Task goal »
Emit the data below verbatim, stripping out any pictures.

Source material »
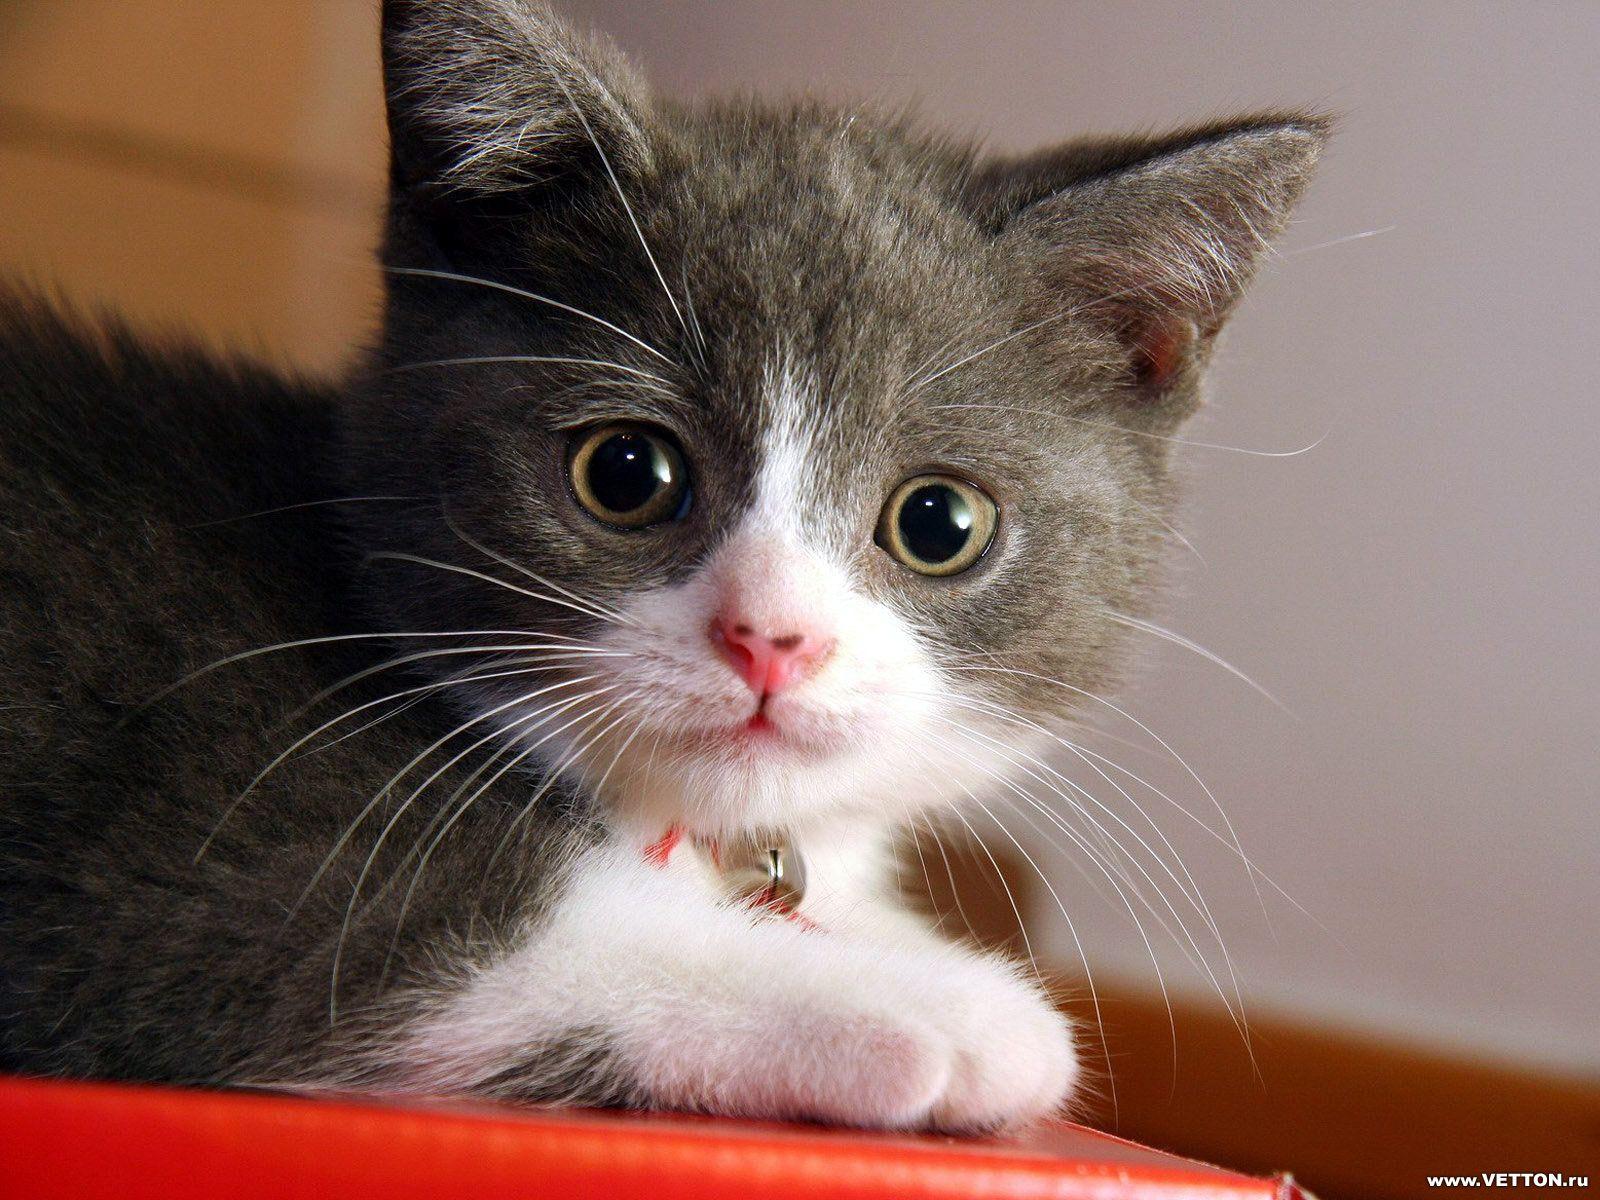 Фото котенка, скачать бесплатно фото котенка.: http://www.textopics.ru/name-images-727.php
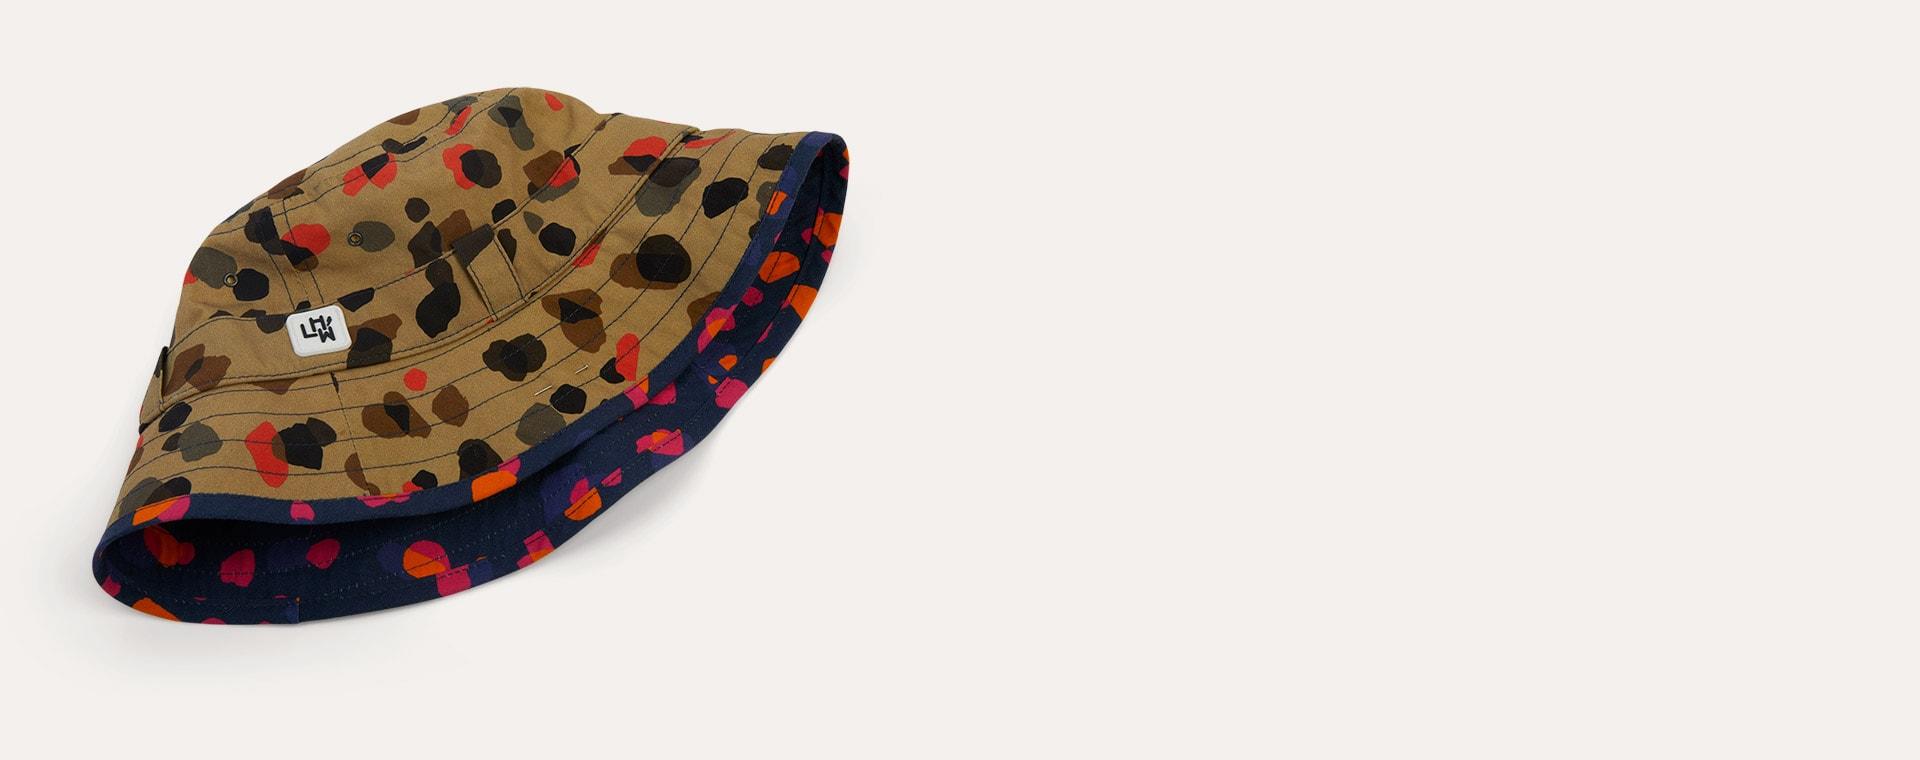 Leopard Neutral Little Hotdog Watson The Adventurer Bucket Hat
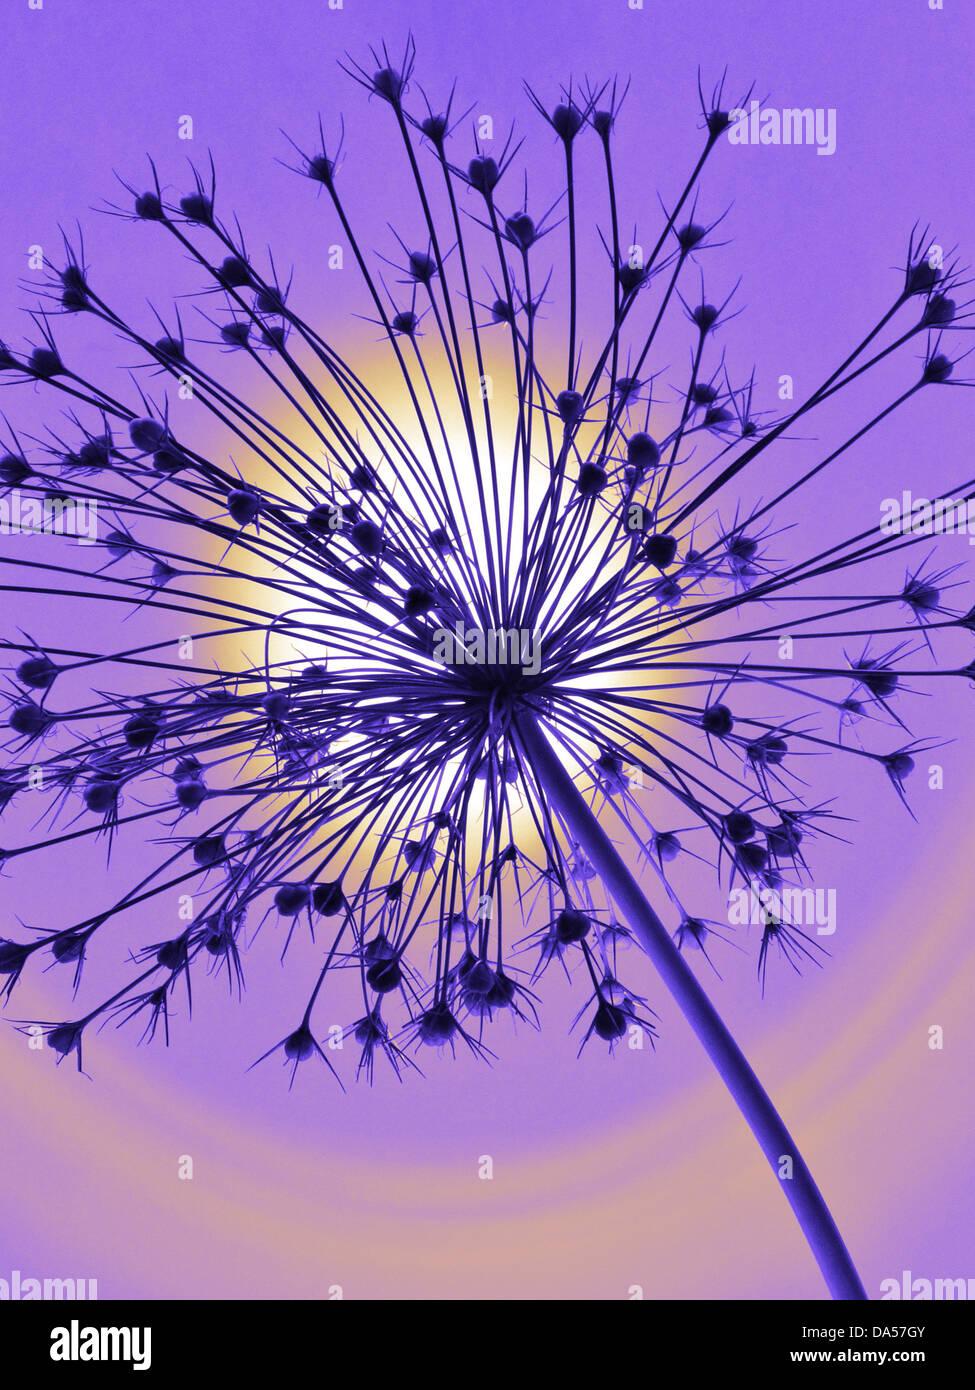 Blume, verwelkt, Allium, Konzept, Stern, Konzepte, Stern, hellblau, entfremdet Stockbild

Response below »
 Фото котенка, скачать бесплатно фото котенка.: http://www.textopics.ru/name-images-727.php
 Leopard Neutral Little Hotdog Watson The Adventurer Bucket Hat
 Blume, verwelkt, Allium, Konzept, Stern, Konzepte, Stern, hellblau, entfremdet Stockbild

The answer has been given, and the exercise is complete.